# DATA BLOCK:
○ ○ ○ ○ ○ ○ ○

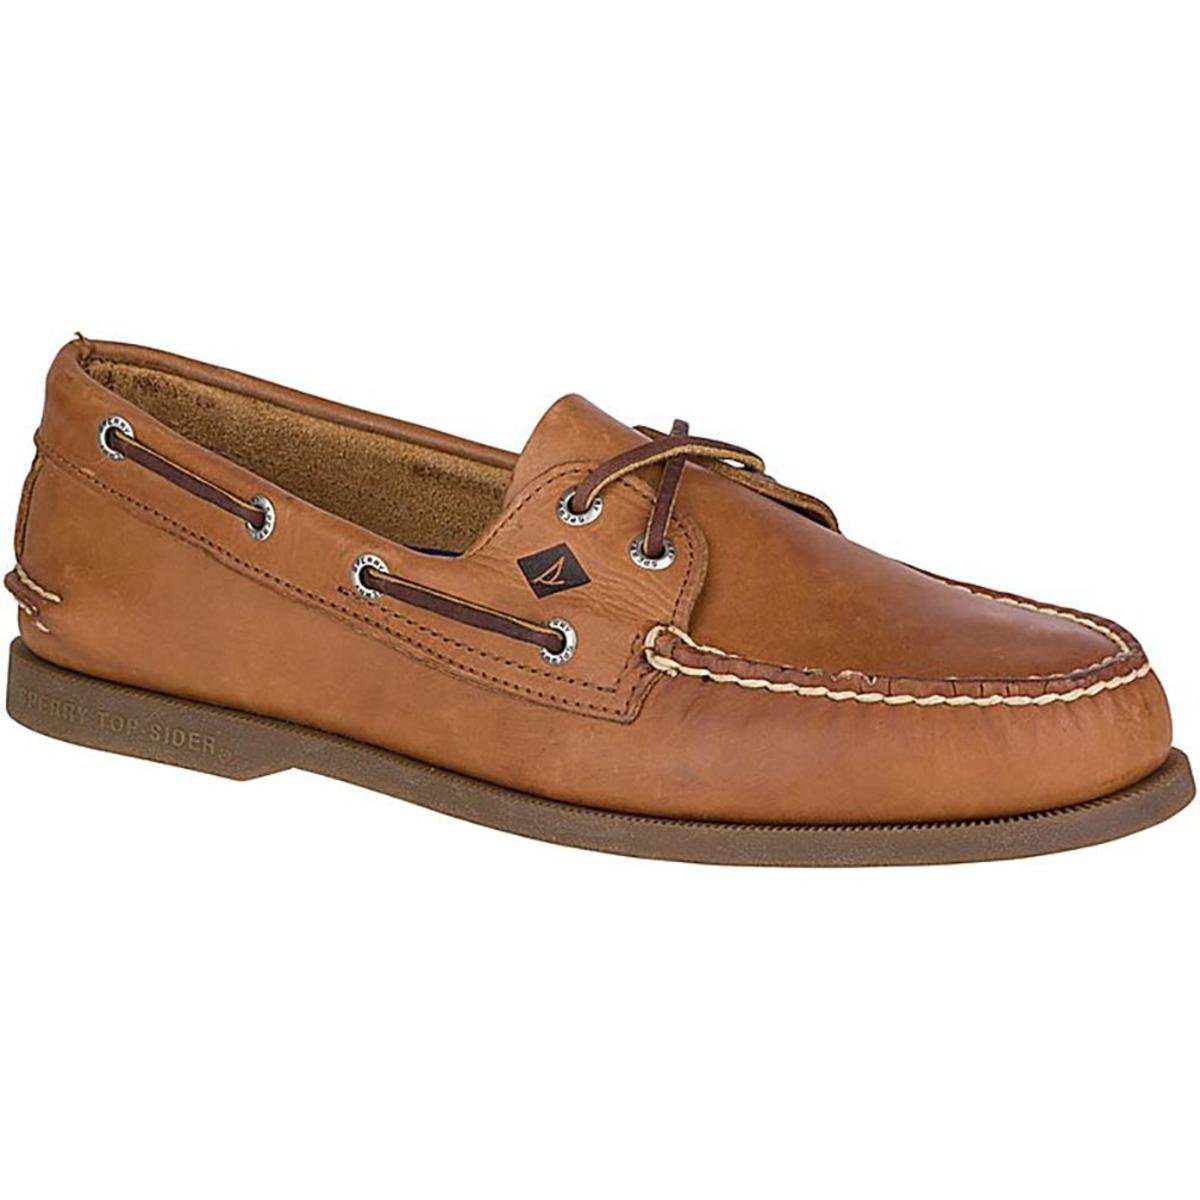 Sperry Top-Sider Men's A/O 2 Eye Boat Shoe,Sahara,10.5 M US
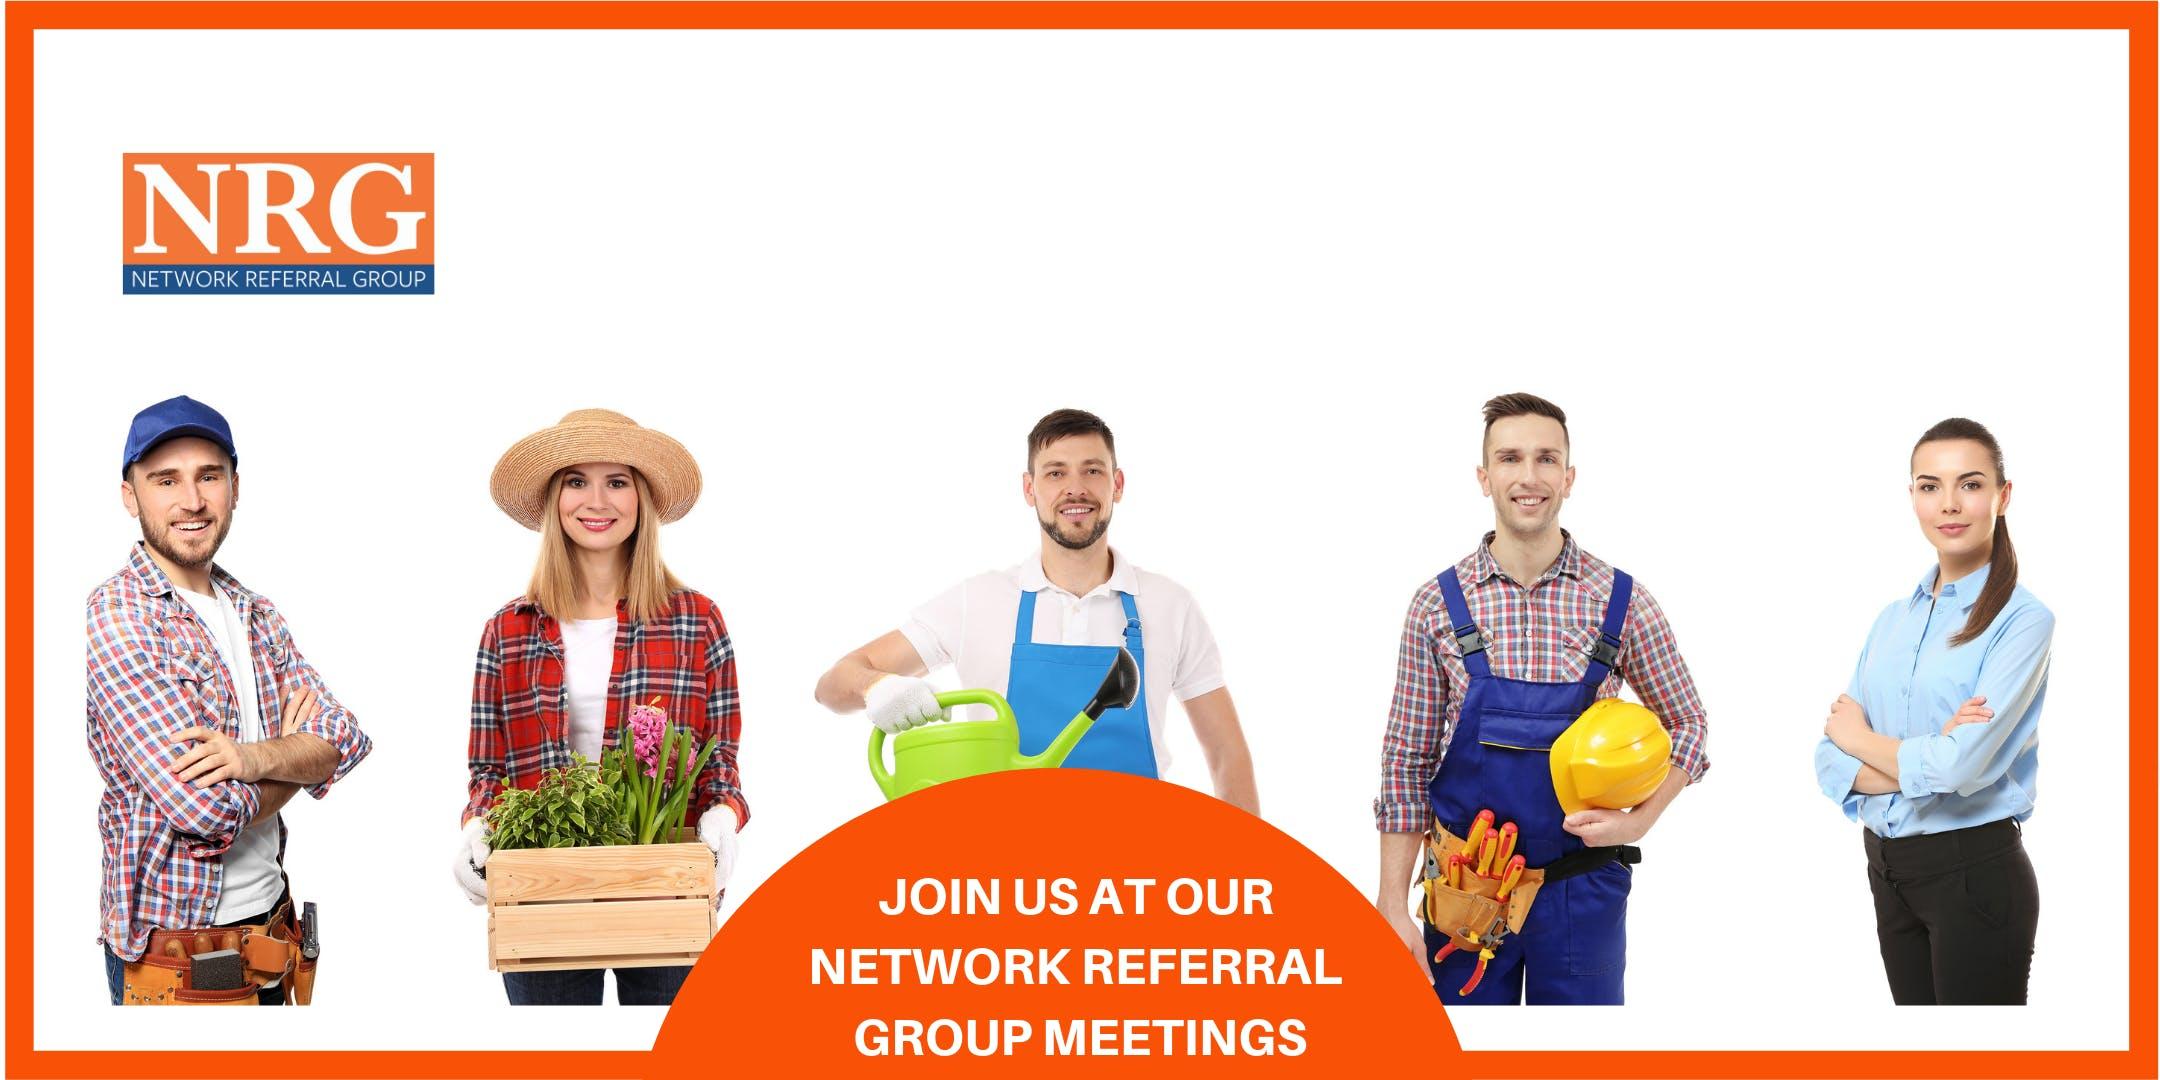 NRG Midland Networking Meeting
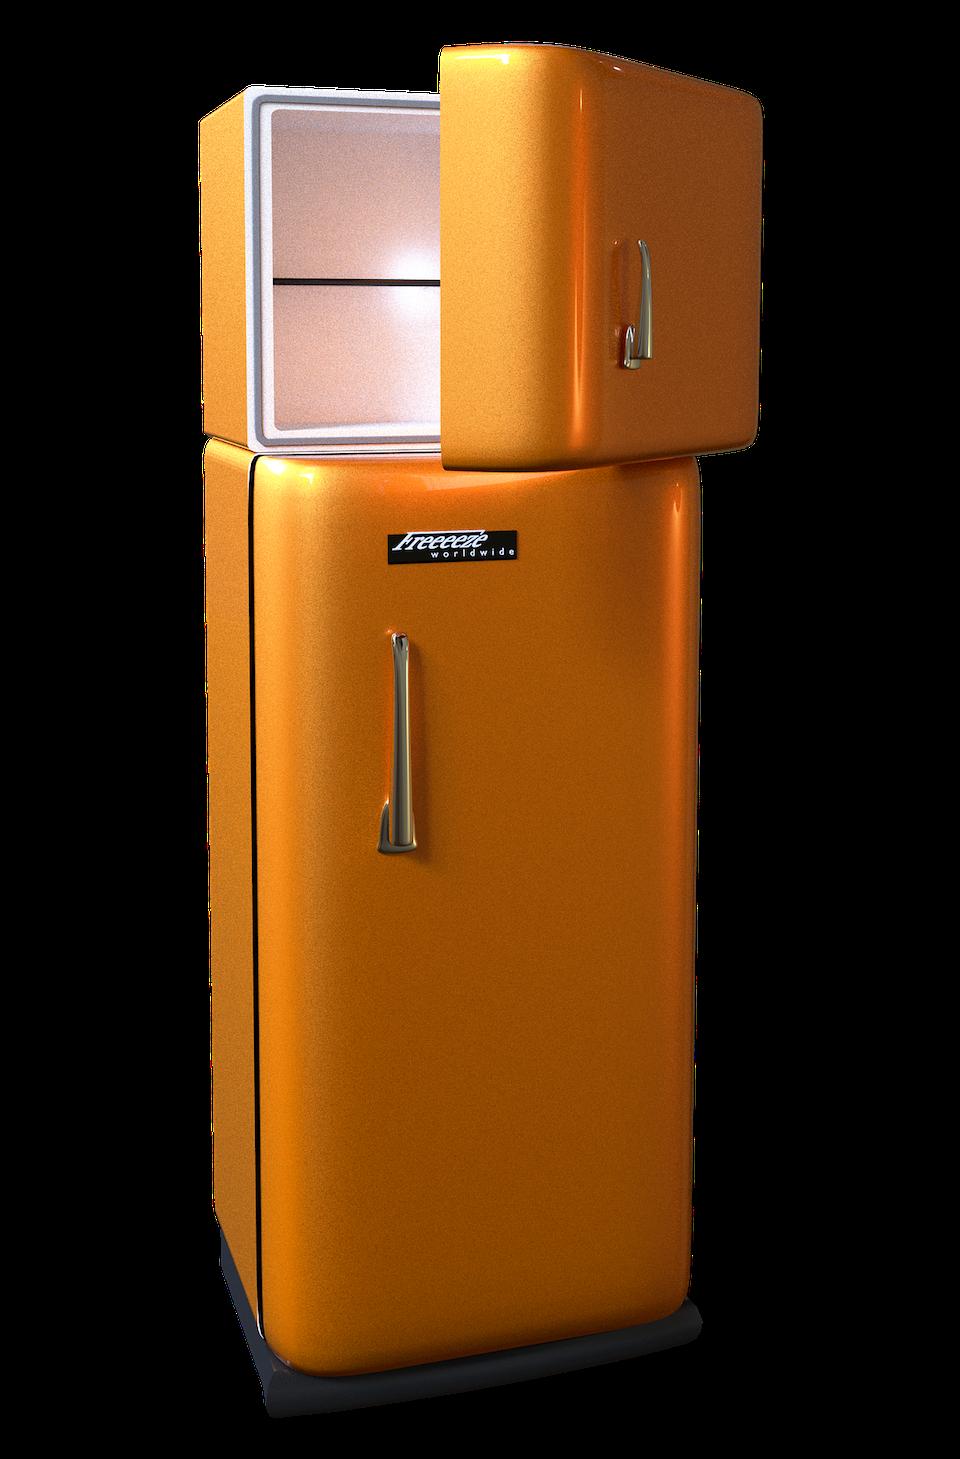 frigoriferi caratteristiche
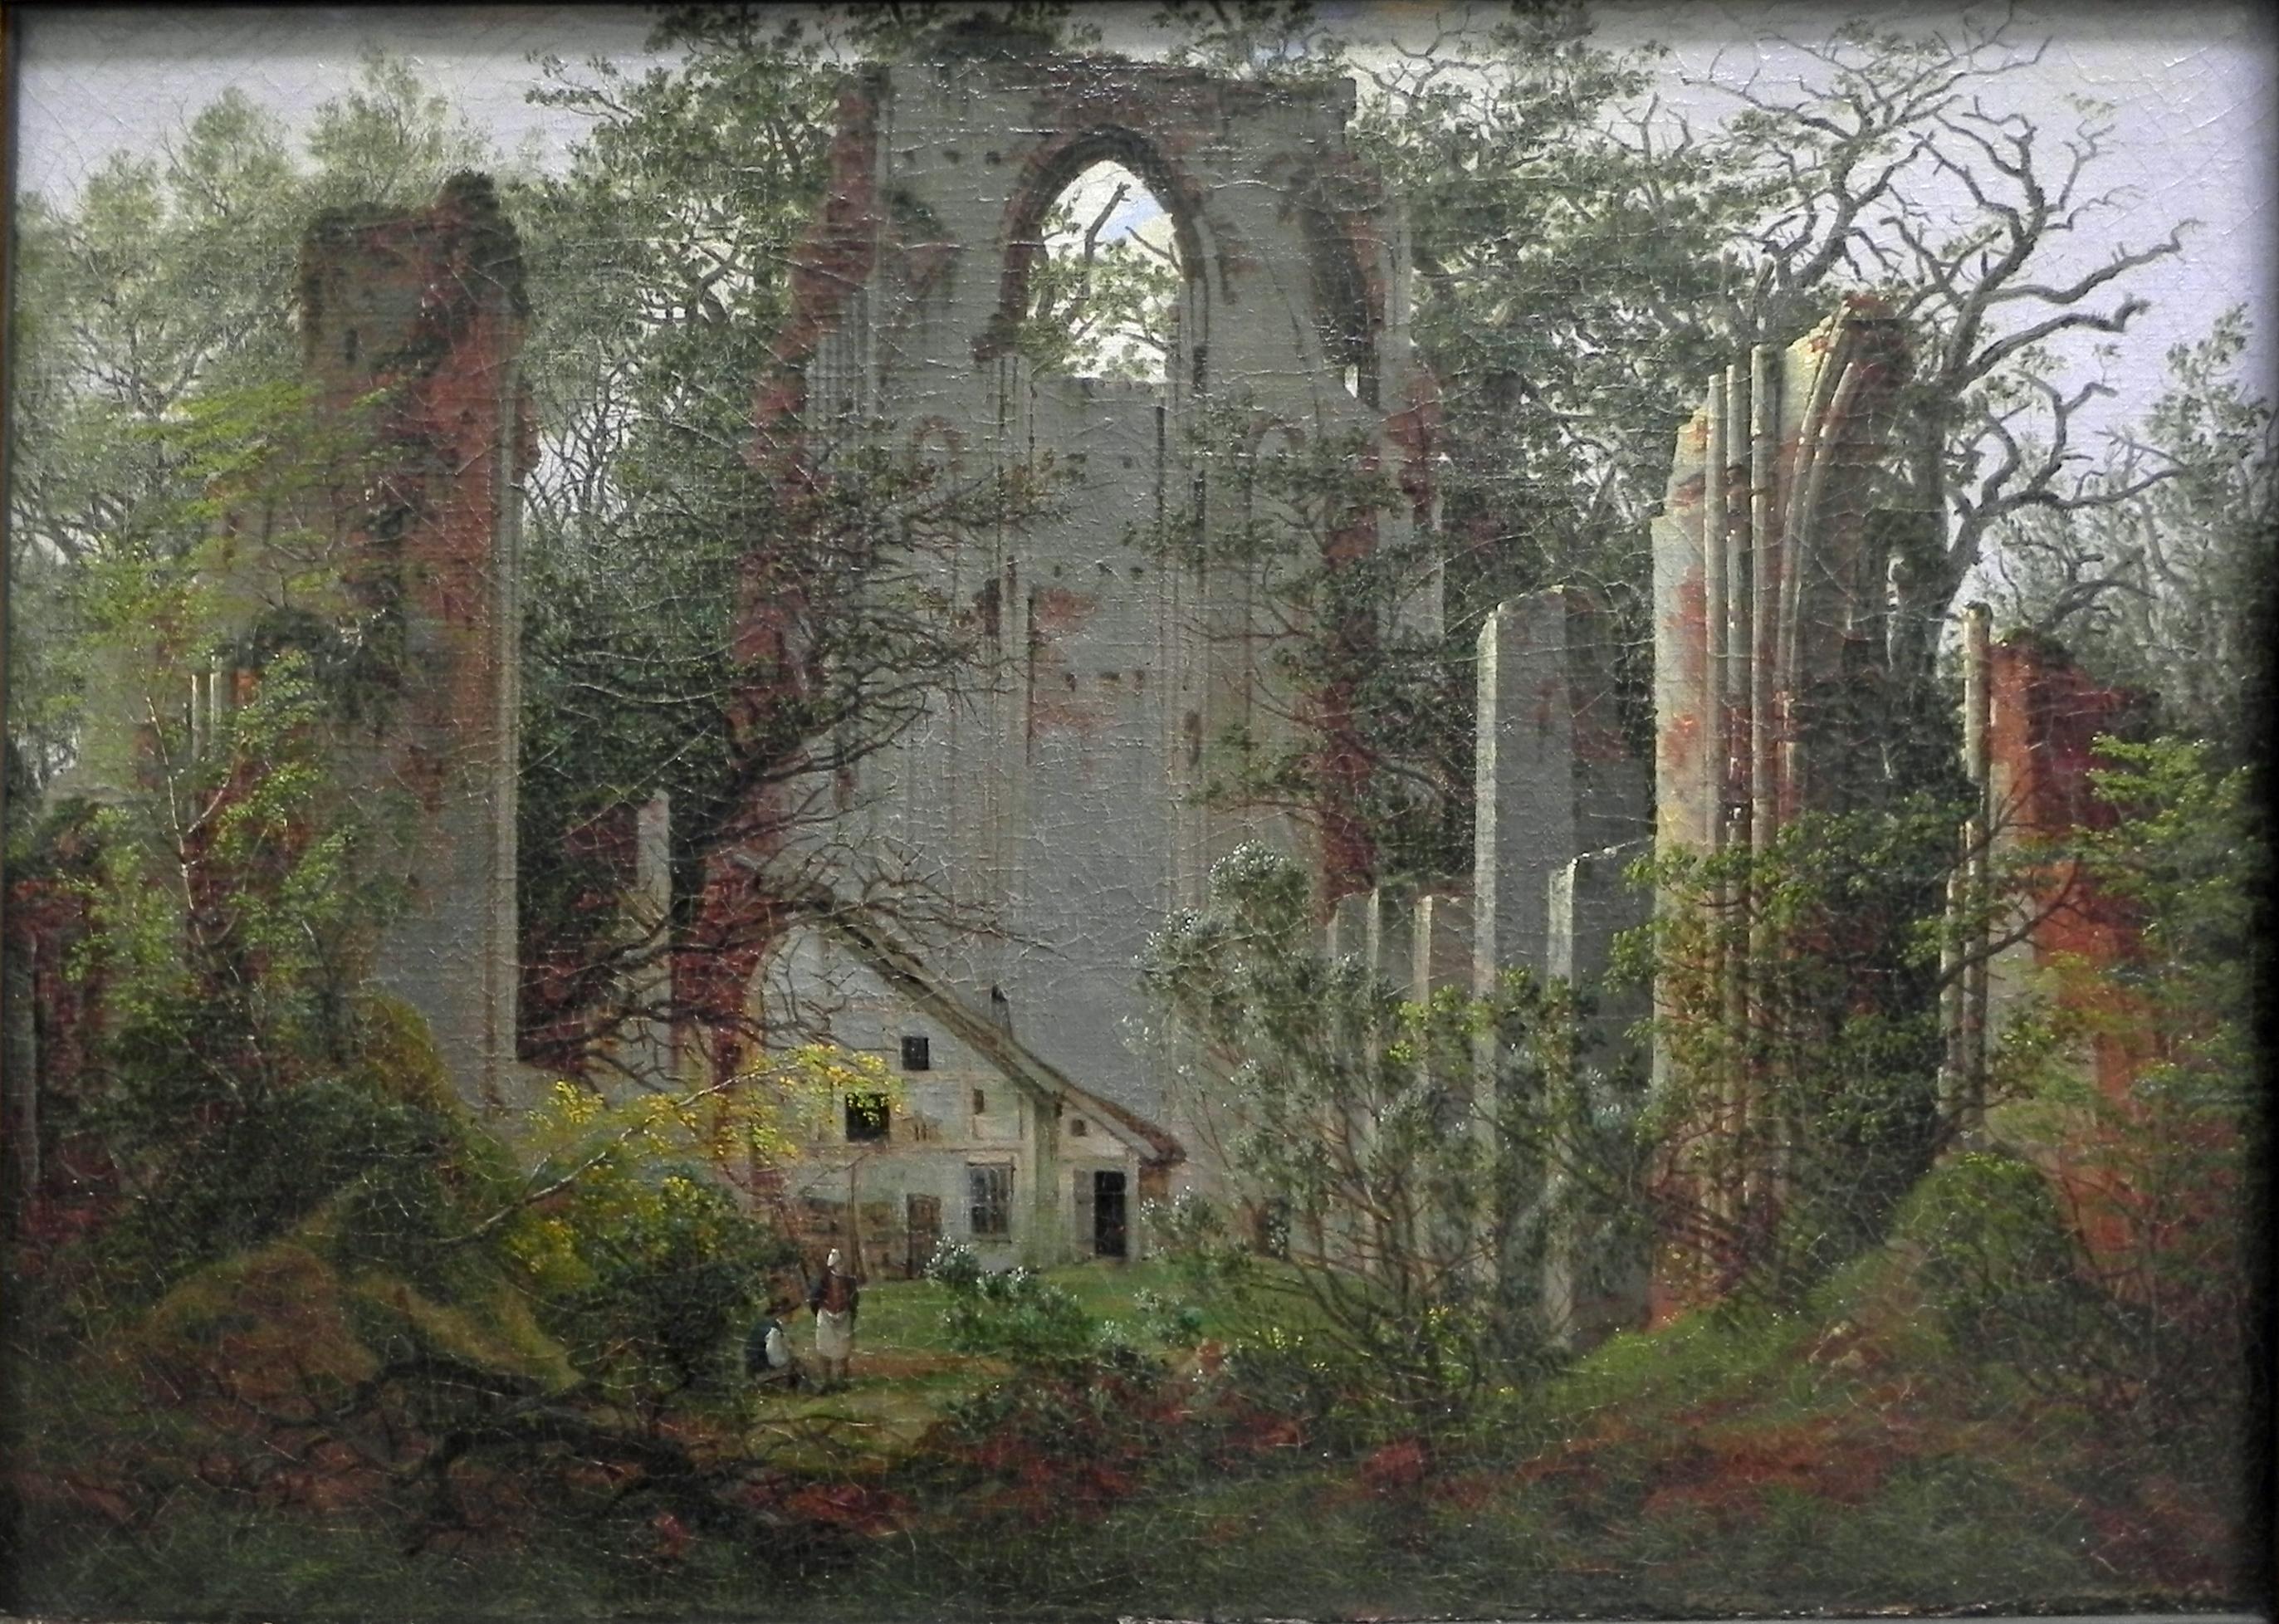 klosterruine eldena bei greifswald 1824 caspar david. Black Bedroom Furniture Sets. Home Design Ideas

○ ○ ○ ○ ○ ○ ○

# YOUR ASSIGNMENT:
A word-for-word copy of the lines from the one with "NRG Midland Networking Meeting" through the last line of the data above is required, with both end lines included and no pictures.

# OUTPUT FOR THIS EXERCISE:
 NRG Midland Networking Meeting
 frigoriferi caratteristiche
 klosterruine eldena bei greifswald 1824 caspar david. Black Bedroom Furniture Sets. Home Design Ideas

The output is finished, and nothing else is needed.